Flux is composed of several controllers, each responsible for a specific part of the GitOps pipeline:

You don't need to understand all of these on Day One. The important thing is that Flux runs inside your cluster, polls your sources, and does the applying — you don't.

What Changes for You

If you've deployed to Kubernetes before, here's the practical shift:

Before GitOps With GitOps (FluxCD)
kubectl apply -f deployment.yaml Commit your manifests to Git, open a PR, merge
helm upgrade my-app ./chart Edit values.yaml in Git, open a PR, merge
kubectl set image deployment/... Commit your updated app code — CI builds a versioned artifact; Flux deploys that version once it's promoted
"Did that deploy?" → check kubectl rollout status "Did that deploy?" → check Flux reconciliation status
Rollback: kubectl rollout undo SRE pins the artifact version; or revert your commit and let CI rebuild

Who's Who: SRE vs Platform Team

Two roles show up throughout Day One. The platform team builds and maintains the GitOps platform itself — installing Flux, wiring up sources, registries, and integrations. The SRE (site reliability engineer) owns production support and monitoring — incident response, rollbacks, and on-call. The developer (you) writes the code, merges the PR, and authors the deployment manifests. One boundary worth knowing now: publishing a new version and promoting it to production are separate rights — you publish, an SRE promotes. Your Flux Workflow details that split.

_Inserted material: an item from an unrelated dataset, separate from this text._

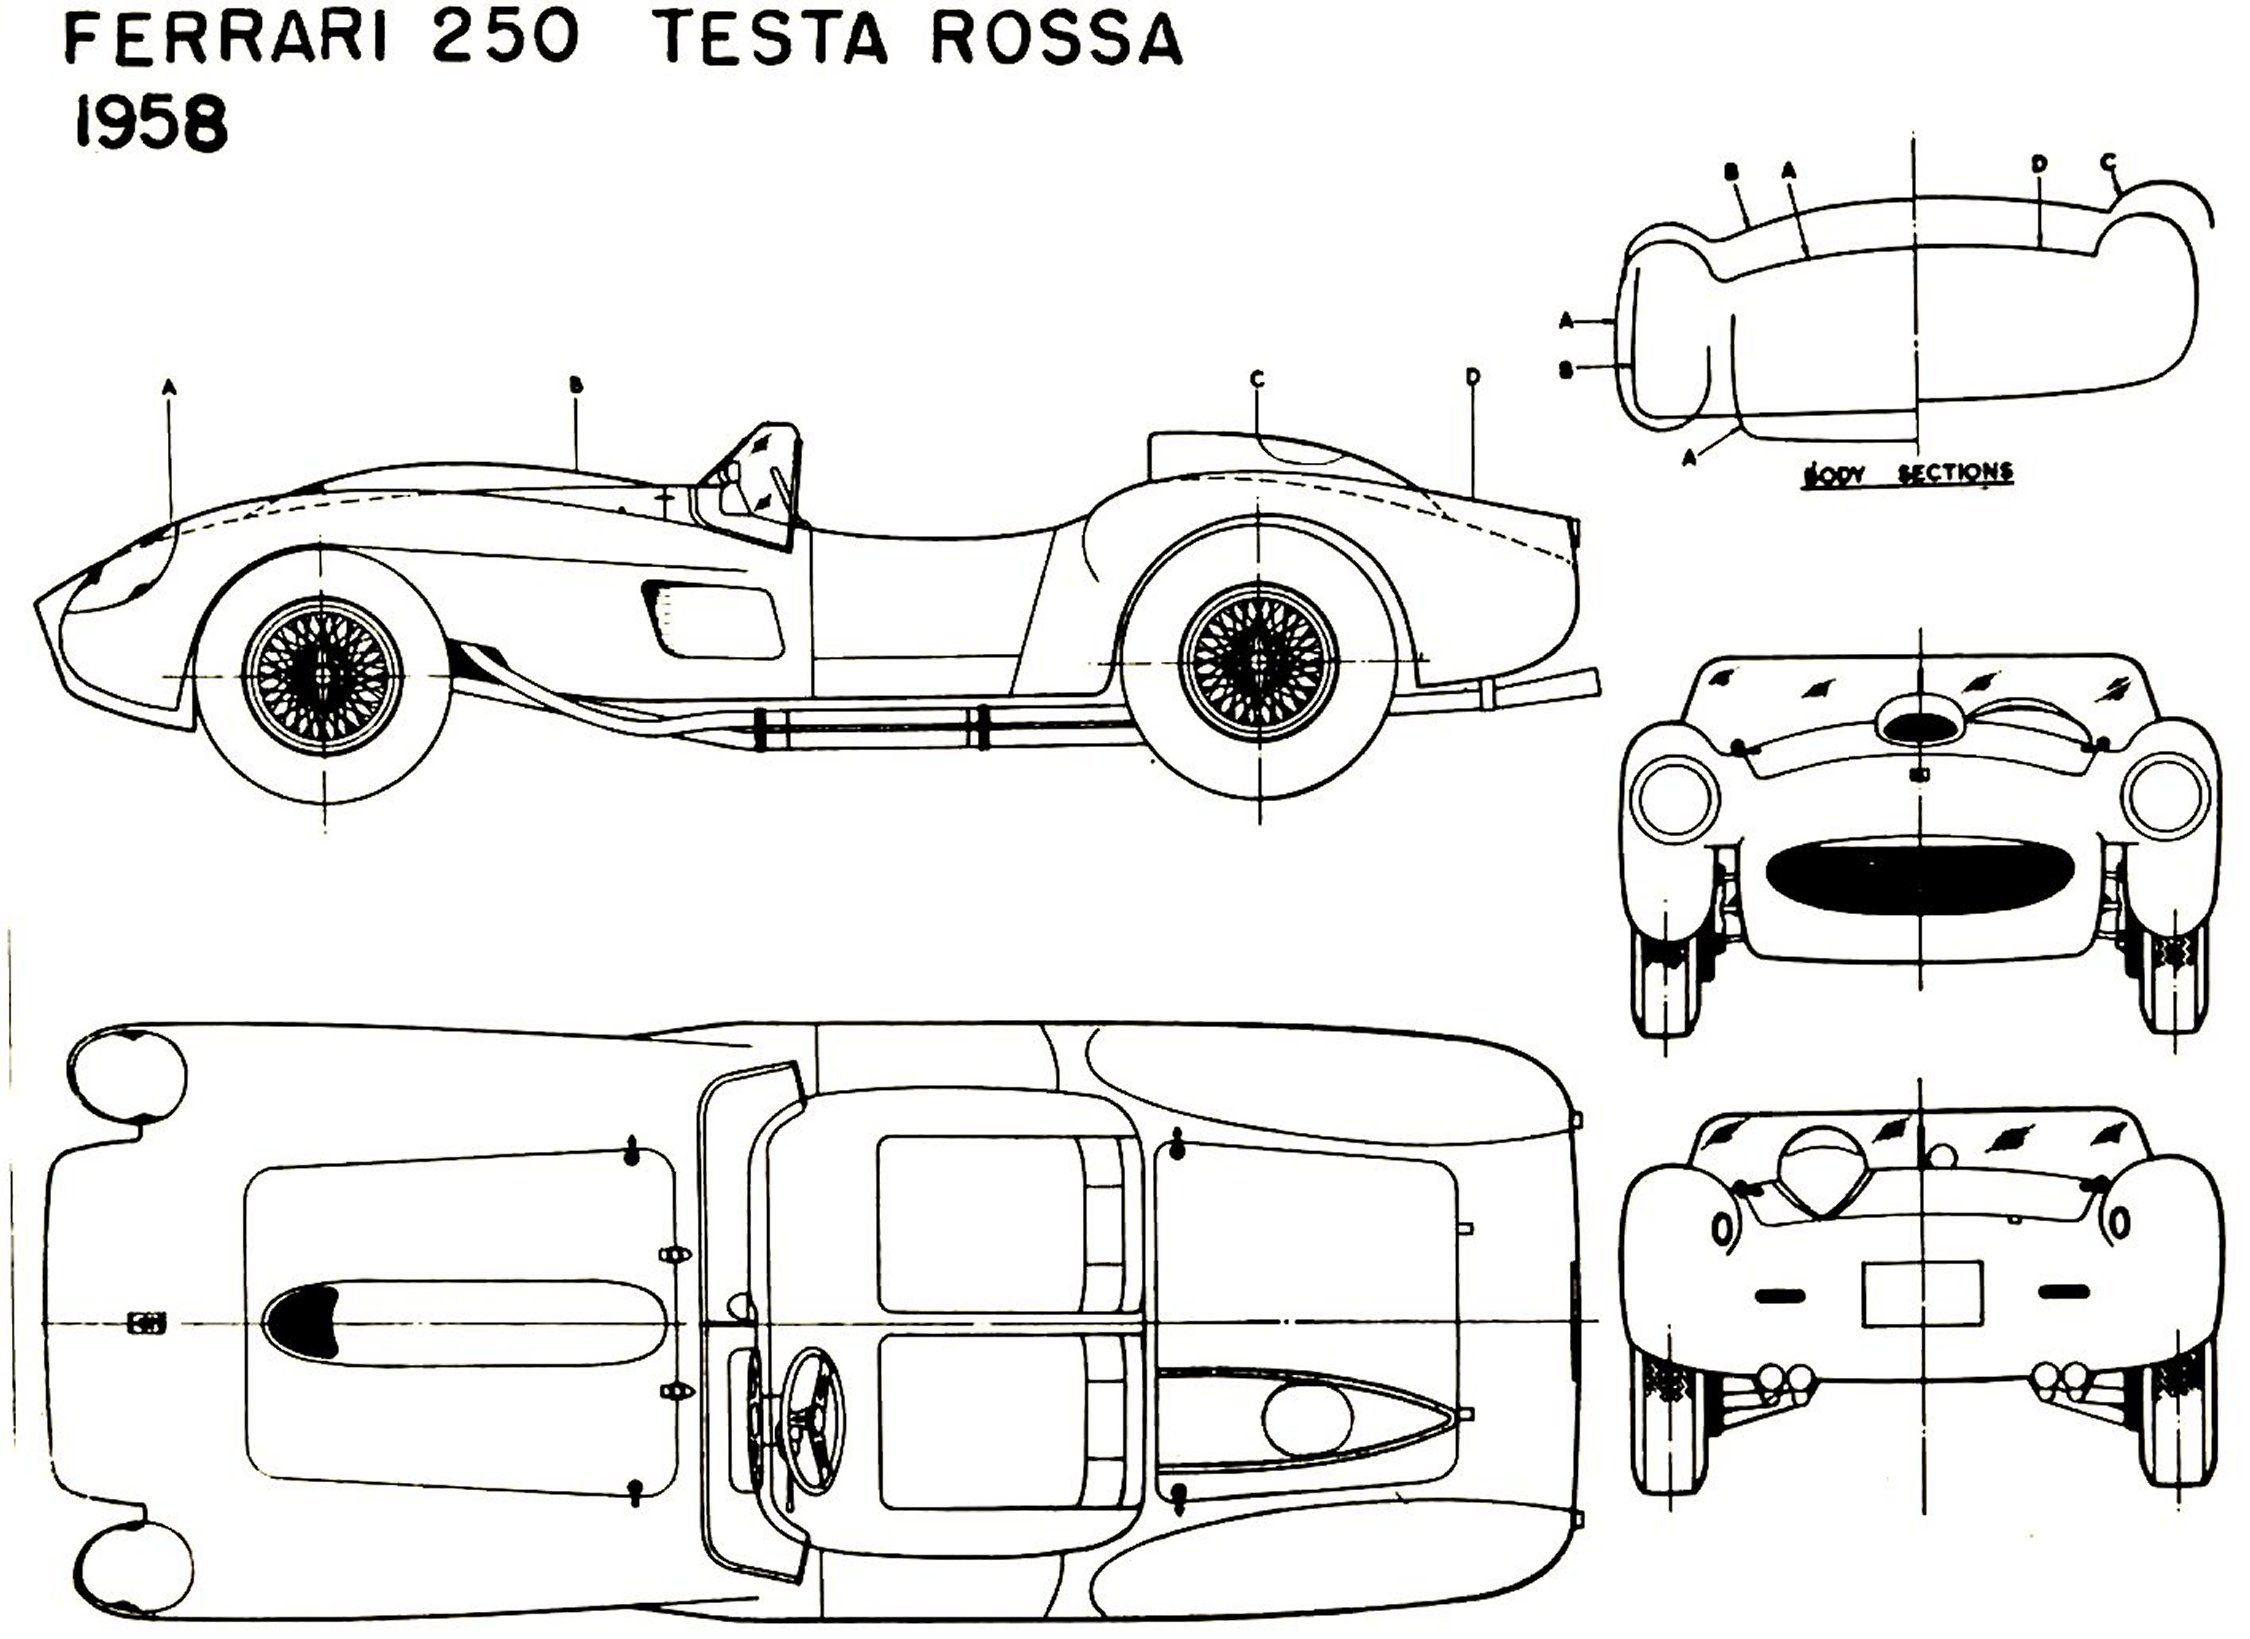 Ferrari 250 Testarossa blueprint | Cars! | Pinterest | Ferrari, Le ...

The muscle memory changes, but the underlying Kubernetes concepts don't. Pods still run. Deployments still manage ReplicaSets. Services still route traffic. GitOps changes how you describe what you want — not what Kubernetes does with that description.

Manual Changes Don't Stick

In a GitOps-managed cluster, kubectl apply and kubectl edit still work — but Flux will reverse them on the next reconciliation cycle (usually within minutes). If you need a change to persist, it must go through Git.

This is by design. It's the "continuously reconciled" principle in action.

Practice Exercises

Exercise 1: Spot the GitOps Violation

Review the following scenario and identify what violates GitOps principles:

An incident occurs at 2 AM. The on-call SRE connects to the cluster and runs kubectl edit configmap app-config to change a database connection string. The incident resolves. The SRE goes to sleep. The next morning, Flux reconciles and reverts the configmap to its declared state. The incident recurs.

What went wrong, and what should the SRE have done instead?

Solution

What went wrong: The SRE made a manual change directly to the cluster, bypassing Git. Flux's continuous reconciliation reverted it on the next sync cycle — which is exactly what it's supposed to do.

What should have happened:

  1. Pause reconciliation so Flux won't immediately revert the fix — this buys time during the incident
  2. Apply the emergency fix directly to the cluster (the fix itself was correct)
  3. Immediately commit the same change to Git and get it merged
  4. Release it — a new versioned artifact is built with the fix baked in
  5. Resume reconciliation; the cluster reconciles to that new artifact, and the fix is now part of the declared, versioned state

In GitOps, break-glass emergency changes are acceptable for incidents — but a manual change to the cluster only holds until the next reconciliation, which is exactly why the original fix vanished overnight. Pausing reconciliation lets the fix stick while you prepare the real one. To make it permanent the fix still has to flow through the pipeline: commit, release, new artifact. The cluster fix buys you time; the new released artifact makes it stick.

Exercise 2: Identify the Source of Truth

Your application is running my-app:v3.1.0 in the cluster, but the released artifact Flux is reconciling against is v2.9.0.

In a GitOps environment, what should you expect to happen next? What does this state tell you about the cluster?

Solution

What to expect: Flux will reconcile the cluster back to its declared state — the v2.9.0 artifact — replacing v3.1.0 with v2.9.0. This is GitOps working correctly.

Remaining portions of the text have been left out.